Syrian National Army: Factional Structure having no Central Command
On the fronts of areas east of the Euphrates, the Syrian National Army has engaged in its first military operations, after announcing the latest merging, under the “Peace Spring” operation, launched by the Turkish army against the People’s Protection Units (YPG). This operation is meant to control border areas, most notably Ras al-Ayn and Tell Abyad in the northern countryside of Raqqa.
Participants are not only members belonging to the eastern region, or factions having origins in Deir ez-zor or al-Hasakah and their countryside, but also the fighters from Homs, Rif-Dimashq, Eastern Ghouta, Idlib and Deir ez-zor, constituting the military structure of the “Syrian National Army” after leaving the “Settlement” areas, which are now subject to the total control of Russian and Syrian regime forces.
The name gives the impression that the Army is a national body, having the protection of the homeland, borders and the security of the citizen and participating in military operations against the enemy as its main objective and not being driven by political, ethnic or ideological agenda. But, the matter is quite different for the political agenda does really exist, and Turkey is responsible for the service, military and economic sectors in the area where the army is operating.
What is the structure of the new Syrian National Army?
Since the formation of the Army has been announced on December 30, 2017, by the Interim Government, three National Corps (seven after the merging process) have emerged from the National Army. These have been subdivided into brigades, followed by military and “national” police responsible for solving disputes between military factions of the same body, ensuring security and the protection of citizens living in northern and eastern Aleppo countrysides.

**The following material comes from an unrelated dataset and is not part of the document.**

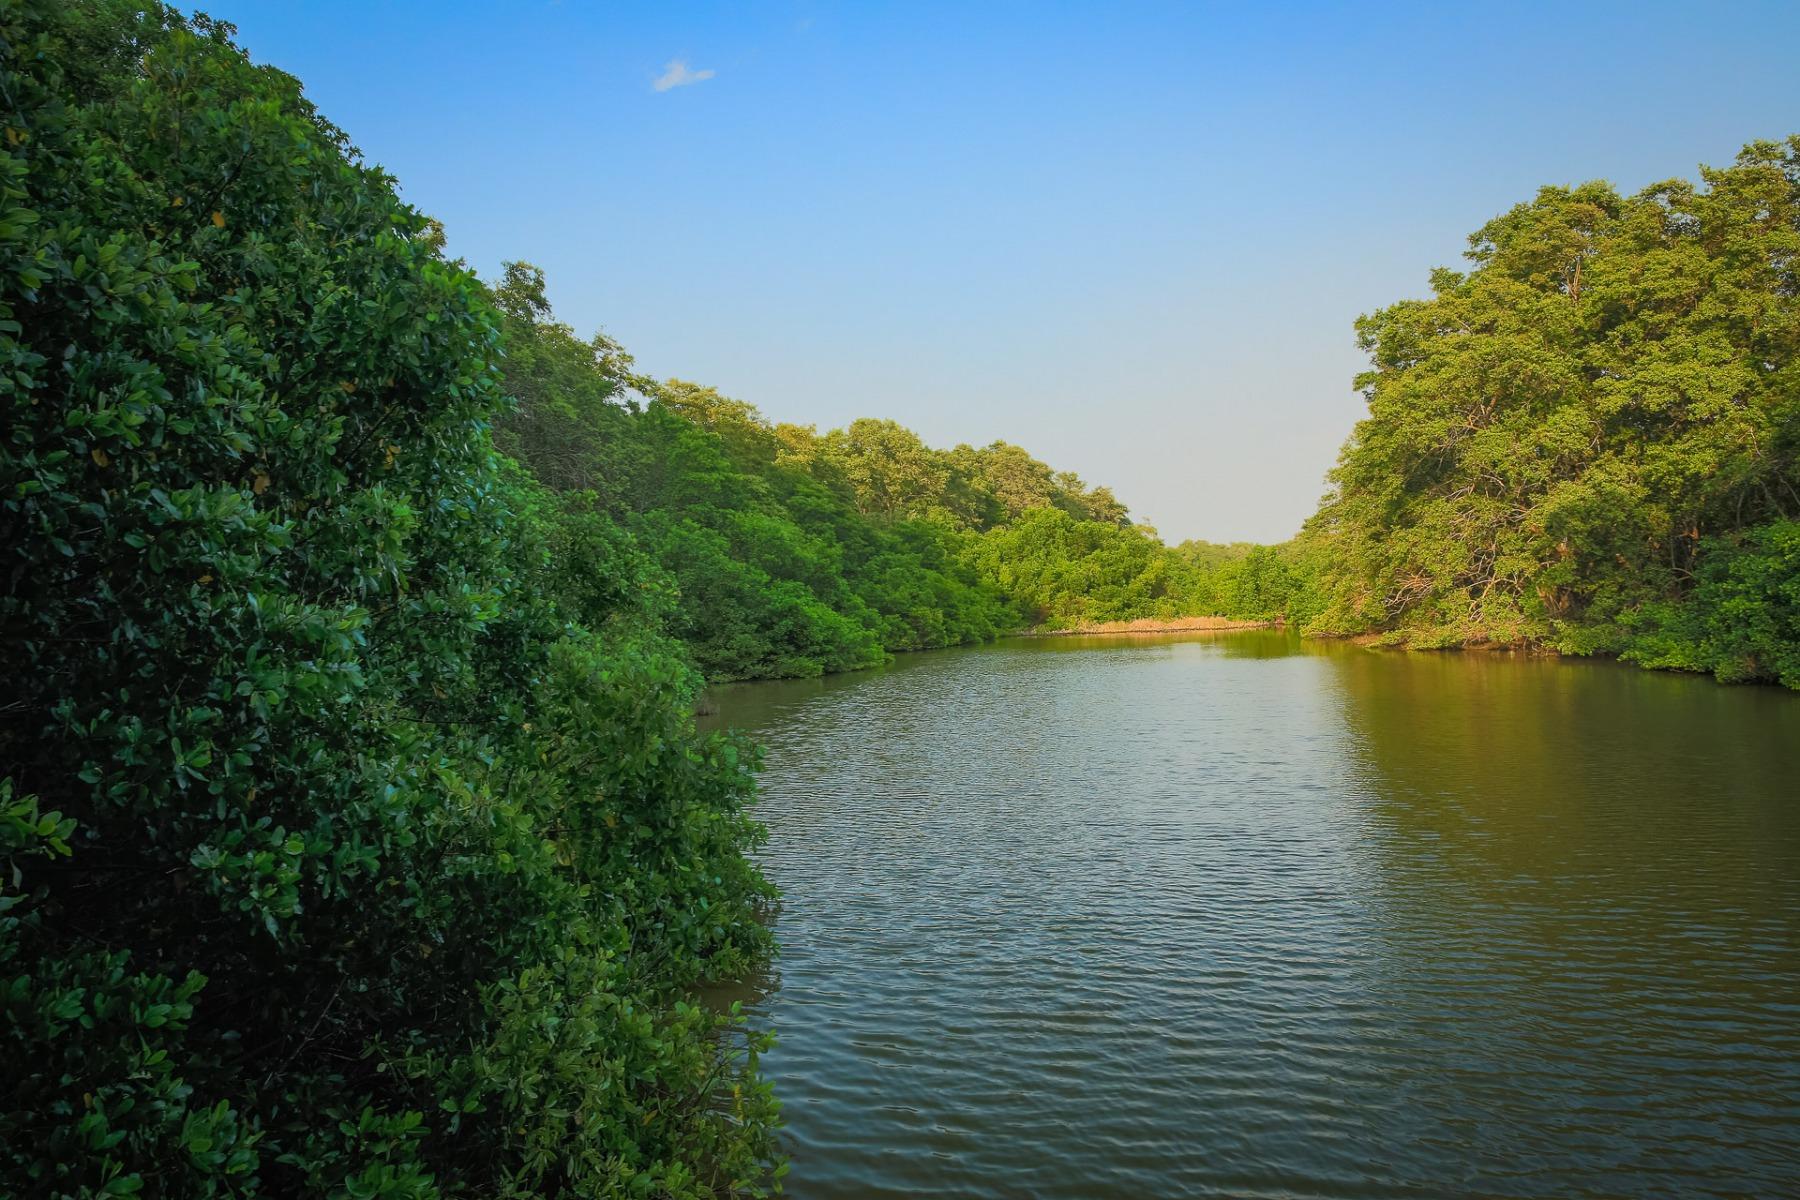 parque salamanca colombia © Tristan Quevilly

Prior to the announcement of the recent merging process with the National Front for Liberation factions, the military structure of the National Army included a unified military command for all the factions in the Euphrates Shield area (northern and eastern Aleppo countrysides). Three legions emerged, namely Sultan Murad Division, al-Jabha al-Shamia and National Army Corps.”

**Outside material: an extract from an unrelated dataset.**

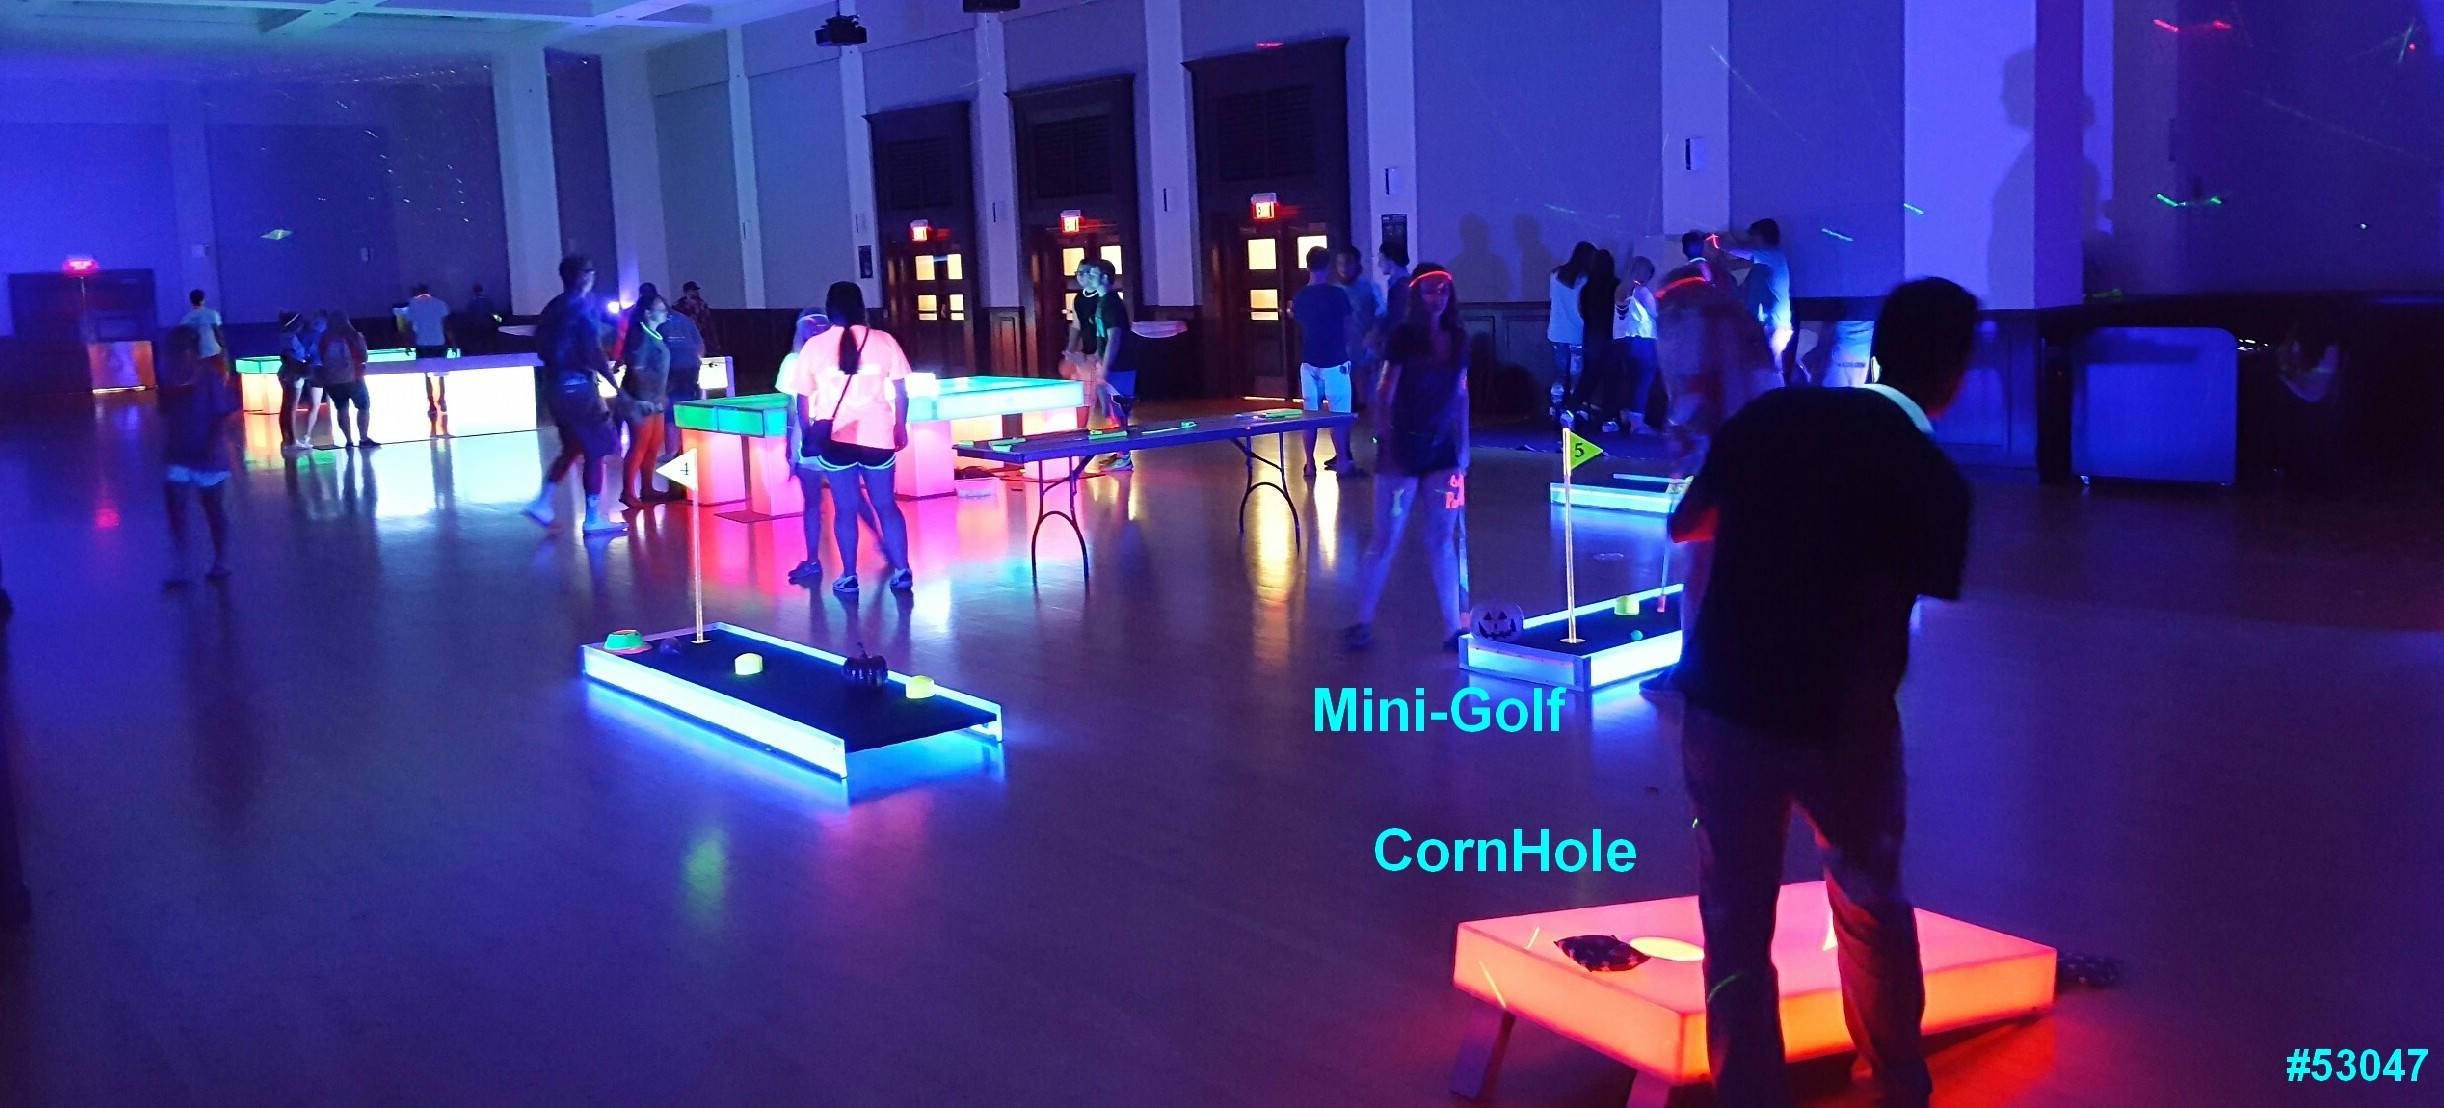 glow games cornhole mini golf glow in the dark rentals 53047

After the formation of the corps, the factions were stripped of their names, distributed among three divisions in each corps, three brigades within each division, and each brigade included three battalions of fighters.
The new Army includes the National Army, which was formed in December 2017, as well as the National Liberation Front, formed after merging 11 factions of the Free Army in Idlib governorate in May 2018.
Following the merging process, the National Army is made up of seven corps, three for the National Army and four to be formed out of the National Front, accounting 80,000, according to the Syrian Coalition to which the Interim Government is affiliated.
However, can the National Army be considered an integrated military institution?
Enab Baladi addressed this question to Sasha al-Alou, researcher at the Omran Center for Strategic Studies, who said that having the current structure the “National Army” cannot be considered as an integrated military institution, or even an integrated and professional military group.
Non-integrated military institution
Al-Alou clarified to Enab Baladi that the “National Army” lacks the basic elements of the military establishment, first and foremost, a unified central command that imposes effective military decisions within a clear military structure and arrangement as any army, and this is lacking in the General Staff or the Ministry of Defense, which are considered as formal bodies.
According to the al-Alou, “the heterogeneous structure between civilians and military elements within the ranks of this army was imposed by the nature of militarization during the Syrian revolution, in addition to the factional and regional structure on which the composition of the army is based, amid the multiplicity of ideologies and loyalties. All this prevents the formation of a true doctrine, not to mention the lack of training, rehabilitation and logistics.”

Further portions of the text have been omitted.